Whether you’re an MBA student, a first year undergraduate or an academic, having a strong online portfolio will help to set you apart from your peers. Not only does it demonstrate to people that you are confident and take pride in yourself and your work, it can also, through personal reflection, help you to understand yourself better & find focus and direction in your life. And of course on top of that, using social media in the right way can help you open doors, expand your knowledge, build real networks and find very real opportunities. For anyone who wants to take advantage of the power of social media, read on!
#1. Know who you are: think product
If you want to set up a strong online portfolio, identity is everything. Know who you are, what you want to be and what you want to achieve. In marketing terms, you need to understand your product, what it is that you are effectively selling, and above all you need to believe in that product. In slightly more humanistic terms, we’re talking self development, personal growth and self worth.
Of course, this is an ever-evolving process. Just because you define yourself now doesn’t mean this is all you will ever be; but it’s important to have a strong foundation upon which to build. Brainstorm. Ask yourself, who am I right now? What makes me who am I at this moment in time? This isn’t about the individual projects that you have been involved in, or the latest publication you are working on – whilst these things all contribute to identity, in this exercise they are superfluous. Strip yourself right back and take a good look at your core self.
#2. Know how you want to be perceived: think branding
The next step is to know how you want to be defined by others, and exactly how you want colleagues, friends, professionals, future employers to see you. Essentially this is about branding yourself.
Here are a pointers to help you along:
- Remember that on LinkedIn your professional headline does not need to be your job title. Personally, I have chosen to identify myself as a Digital Marketer, Creative and Thinker. This works for me and is how I want people to see me right now, at this point in time.
- Quality is everything. Choose a strong professional headshot/a good quality, high res image that shows you in your best light. If using for professional channel such as LinkedIn, don’t use a photo of you sitting in your kitchen, or having a good night out! The same principle goes for all other photos/images: quality, quality, quality.
- Make sure that all associated publicly available content reflects the image that you want people to have of you. We’ve all got that dodgy photo of ourselves in a slightly worse than wear condition, but do you want the world to see it? Probably not. Make sure you have all of your privacy settings set accordingly!
- Consistency is key. If you want people to have a clear image of you & find you easily online, use similar images, key words etc. That way whether people find you on Twitter, LinkedIn, Instagram or your blog, they’ll know who you are at first sight.

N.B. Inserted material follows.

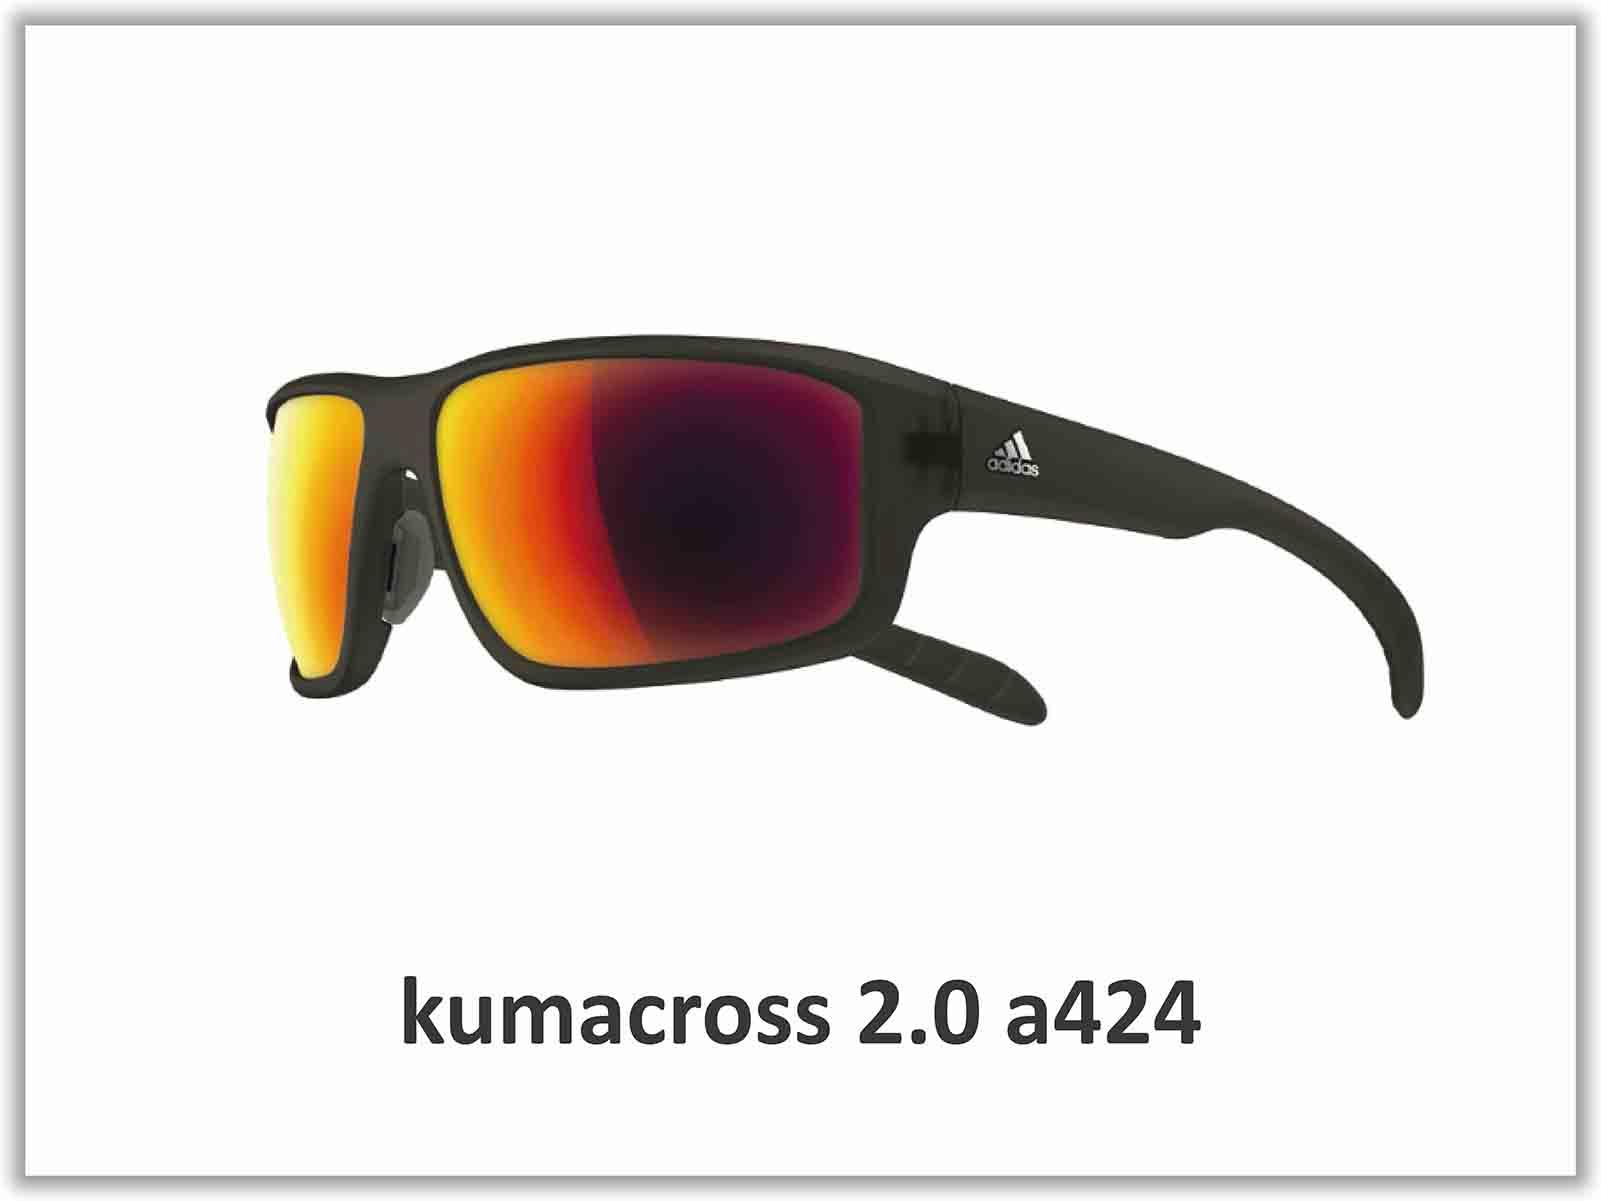 Kumacross-2.0-a42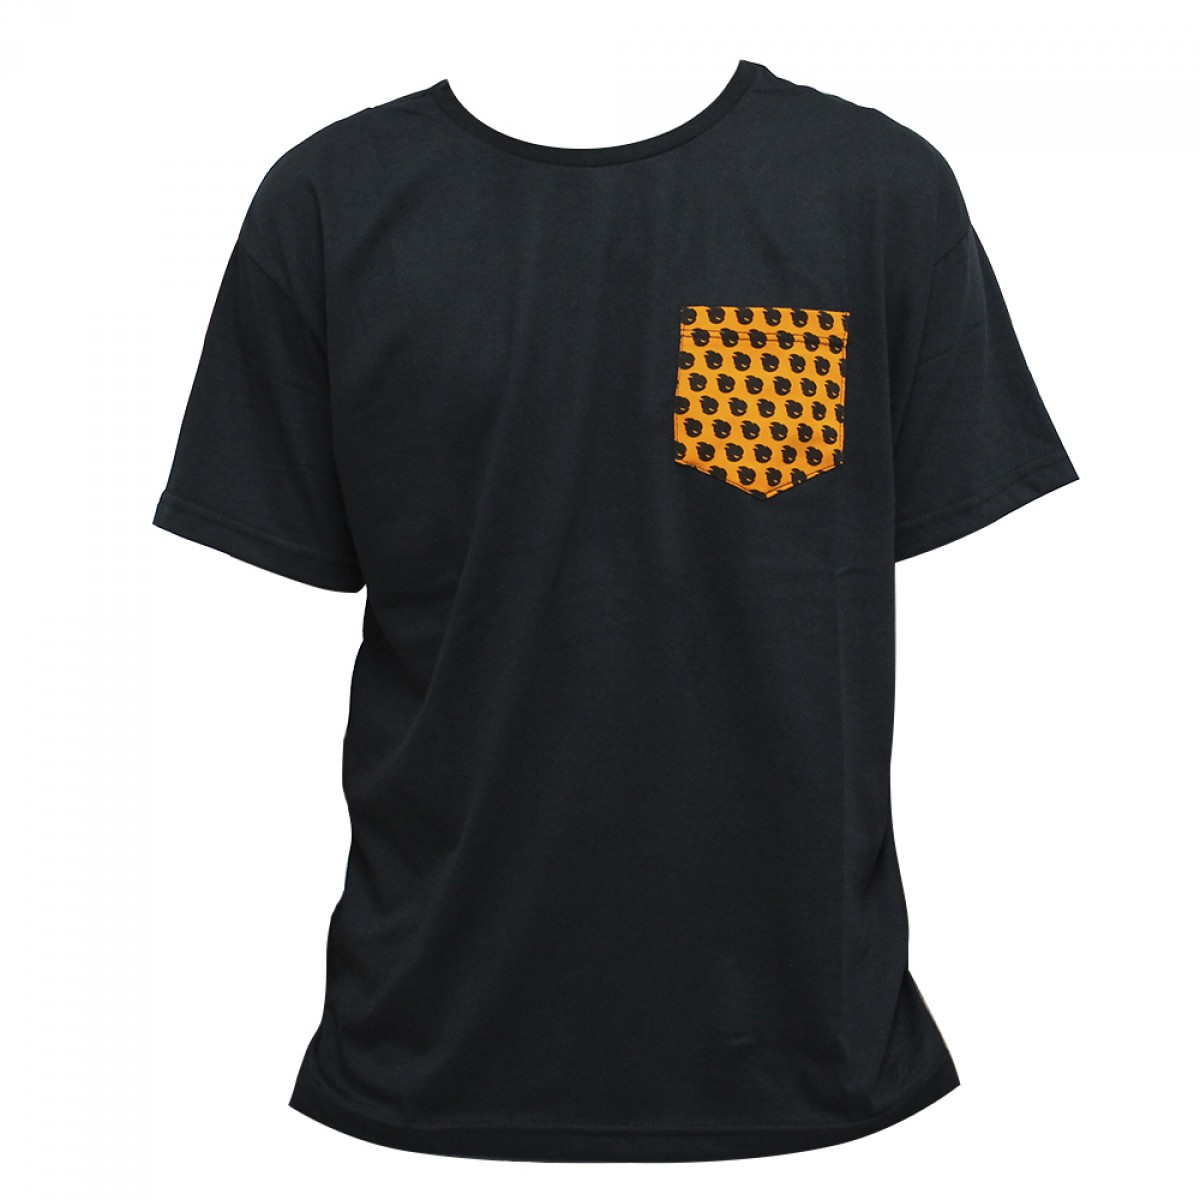 Camiseta Terabyteshop, Unisex, Manga Curta, Algodão, Preto e Laranja, Bolso (G)

#3. Understand the channel and know why you’re there
There is absolutely no point in opening accounts for the sake of it. If you’re going to be on Twitter, find out what it is, how it works, and think strategically about how it could benefit you. Think about which channels might be more beneficial. If you’re a photographer or the owner of a hair salon for example, Instagram would be a must. If you’re an academic, you might prefer Twitter. To help you get started, here are a few key things to note:
- Once you’ve got your nice profile photos and cover pics sorted, take a look at your profile descriptions. Remember what you decided re. your product and branding & choose carefully what you’re going to tweet/post/blog about (I would say no more than three related topics) and use your description to clearly tell the world. Feel free to add personality – people want to know that you’re a real human being, but keep it short and concise.
- Cross link if you have other relevant channels!
- Start building an engaged network: once you’ve decided what you’ll be shouting about, start searching for other people who are interested in the same thing. Where possible, use hashtags to draw them in. Beware of bots and make sure to do a clear out every now and again – check who’s still following you and if they’re not providing you with interesting/relevant content, knock them off the list. Don’t be afraid to engage with others and give opinions.
- Post regularly and keep your account active otherwise you’ll soon find your followers are dropping like flies.
- Be selective. Do you really need your entire CV listed on LinkedIn? If you tweet about 50 different topics will people understand what you’re about? Again, think about those public FB photos. Who are you networking with? Do you need 500+ connections on LinkedIn?
- Know where the line is: having opinions is a good thing, but understand that what you say on social media is public and so it’s important to know the boundaries. If you’re ever concerned about your relationship with your employer, one easy option is to put ‘Views own’ on your profile description – easy peasy.
- Don’t despair if at first you feel like you’re shouting into a giant black hole. Building your network takes time as does getting a feel for each channel and the type of content that works.